I have one plant that's tolerant to sunlight, tough, as if from the desert, which takes in only the green it needs to survive. Another is a large, attractive, insignificant ivy that doesn't have the slightest claim to originality because it looks like any old ivy you can buy anywhere, with its iridescent green. But I have another ivy, a uniform green, which has gotten smaller. It seems to say, "Iridescence is not for me." It responds by growing very slowly, shaded and sure in its caution. This is the plant I love the most. Every now and then I guide it. I understand where it wants to go and it understands where I want to guide it. Sometimes I call the iridescent ivy "stupid" because it forms into pointless arabesques. And the desert plant I respect for its robustness, but sometimes I think it's ugly. It seems ugly when I see it through the eyes of others, when someone stops over for a visit. In general I like them all. For example, there's a type of small, wild daisy known as the red bug flower. I don't know which criteria are used to distinguish it from the daisy.

Sometimes I look at my garden as if it were someone else's and I discover two flaws: one, that few plants hang gracefully, with the right verdure and sinuous movements. My plants are motionless, stumpy, lodged in their pots. The second flaw is that I have a lot of small flowerpots, varying in size, instead of ones that are large, solid, well-made and well-designed. It's because I kept putting off the task of, shall we say, lightening my burden and if I use the same expression—lightening the burden, or tidying up—when referring to my plants, it has something malicious to it. For as long as possible I put off using the malice needed to survive, ignoring it in myself and in others. I associate malice with the mundane, with the ability to immediately make out whether a plant is a red bug flower or a daisy, whether a stone is precious or worthless. I associate (or used to associate) malice with the choice to be disrespectful, according to certain objectives which no longer surprise me: the way I treat people—lots of people—grudges, the repetition of people and situations. Anyway, replacing wonder with a detective spirit has tainted me with malice, too.
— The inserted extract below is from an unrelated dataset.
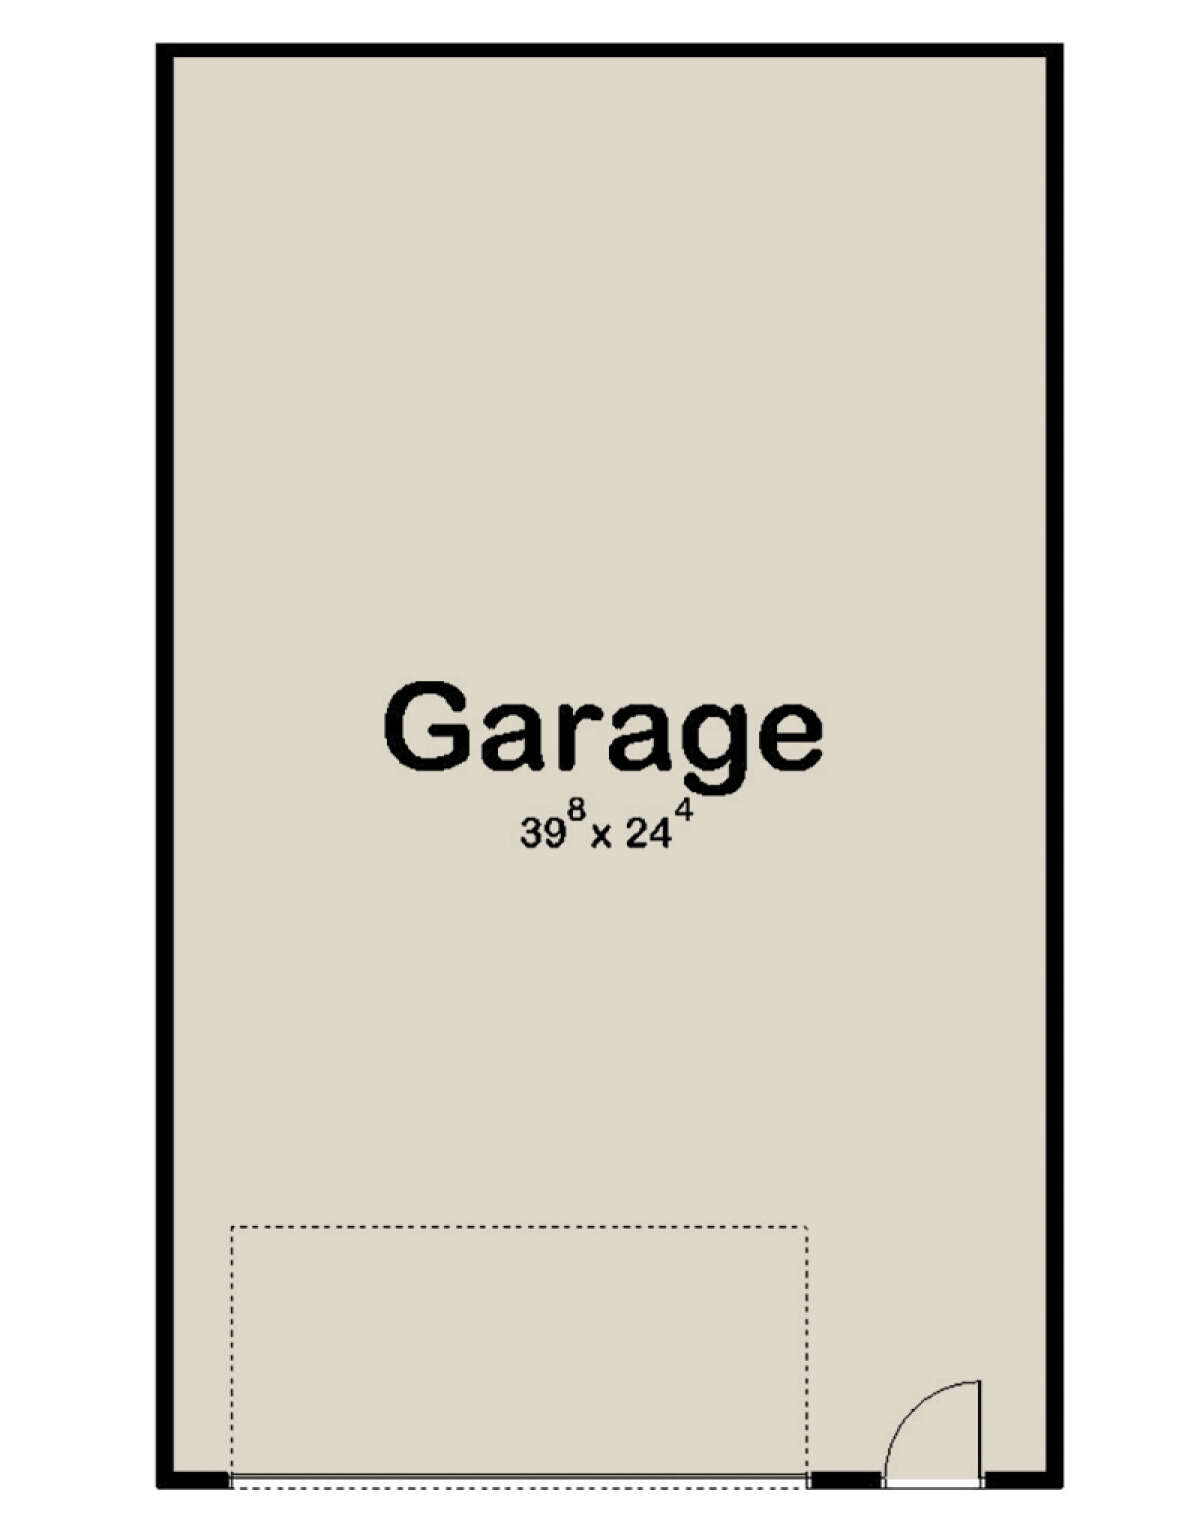 Garage Floor for House Plan #963-00521

But some things still amaze me. About four or five years ago I prayed to God (or to the gods) not to let me become drastic, scornful. I would say, "Dear Lord, don't let me become like the mother in that play Las de Barranco." That woman's life was a perpetual witches' sabbath. She poked her nose into the business of everyone around her. She lived her life through them, so her real wishes weren't clear; her only pleasure was shrewdness. Before I became a little bit like the Barranco mother I was horrified by that archetype, but once it became part of me I felt more comfortable: the comfort of letting go and forgetting when there's so much to remember that you don't want to look back.

Nowadays, I think one way in the morning and another in the afternoon. My decisions don't last longer than an hour and they lack the sense of euphoria that used to accompany them. Now I make a decision out of necessity, when I have no other choice. That's why I trivialize my thoughts and decisions. My thoughts used to beguile me, I loved what I thought. Now I think what I want, but what I want gets mixed up with what I should and I've lost the ability to cry. I have to distract myself a lot from what I want and what I should, or I'm simply in a state of limbo where I suffer a bit: some setbacks (whose effect can be foreseen), small frustrations (susceptible to being analyzed and rectified). I discovered the part of invention that needs and duties have—and I respect them, period, without much commitment, because they organize life. If I cry it's more often against my will. I have to distract myself from what I want and what I should, I only allow a few tears to well up.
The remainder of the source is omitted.